In previous studies from our center, both intraoperative and postoperative angiography were performed,7 demonstrating excellent on-table vein graft patency, with a decrease of 10% to 15% by 3 months. In the present study vein grafts in the control subjects behaved similarly, whereas in the Symmetry group grafts showed occlusion and stenosis at a much higher rate.

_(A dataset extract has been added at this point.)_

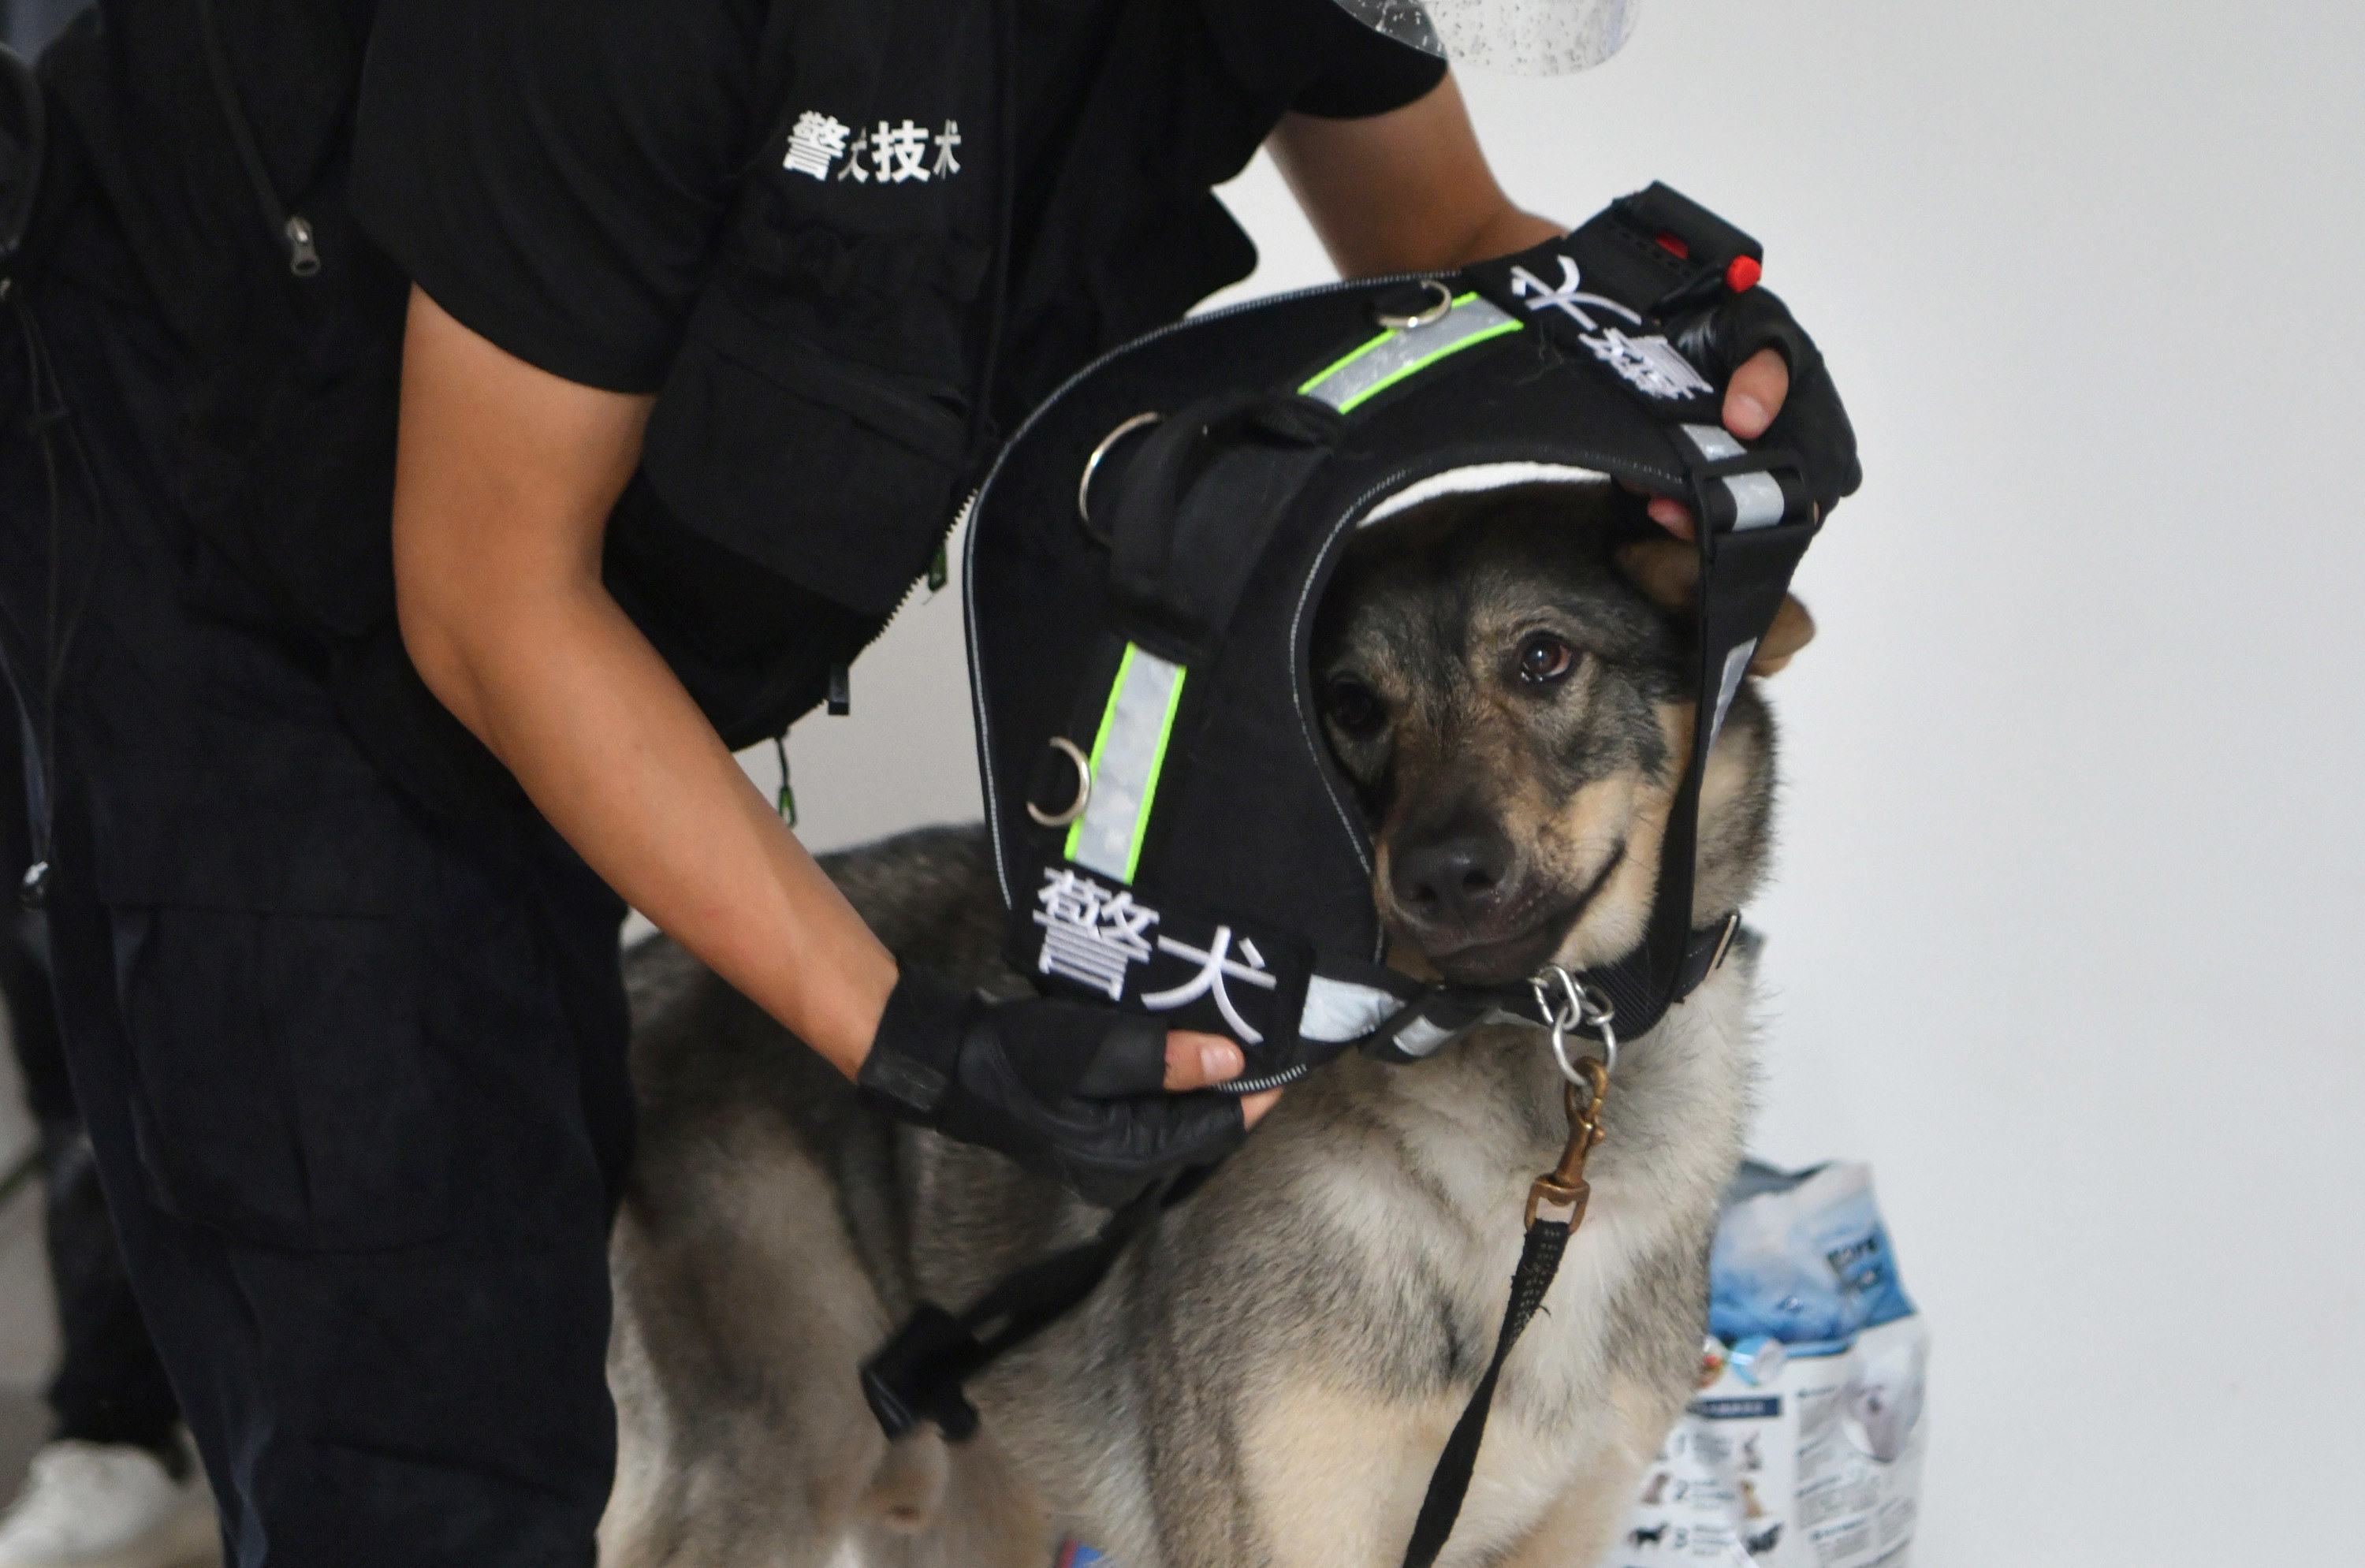 A drug detection dog waits patiently as it has its protection vest put on it

We have no definite explanation for the high occlusion rate in patients receiving Symmetry grafts. Because the connector is produced from a nitinol alloy directly exposed to blood, both acute thrombosis and stenosis from neointimal hyperplasia21 might be possible, as in coronary stents. Autopsy reports by Katariya and associates20 and Donsky and colleagues22 demonstrated acute thrombosis within the device. We cannot determine whether total occlusions were caused by primary thrombosis or thrombosis in an already stenosed graft. The findings in the connectors with grade 1 stenosis might well be explained by neointimal hyperplasia. Traverse and coworkers16 observed that connector stenosis treated with stenting had a 64% recurrence rate, indicating an active process in the anastomoses. Cavendish and associates17 demonstrated evidence of neointimal hyperplasia by means of intracoronary ultrasonography. Mechanical factors might be of importance because the vein graft connected with Symmetry takes off from the aorta at a 90° angle,23 although studies have indicated that a 90° takeoff might be hemodynamically beneficial. However, this angle predisposes to kinking if placement on the aorta or length of the conduit is not perfect. With the present model, proximal anastomosis is performed first, whereas most surgeons prefer to do distal anastomoses first to more easily assess graft length. This variable was eliminated in our study because the proximal anastomoses were always performed first.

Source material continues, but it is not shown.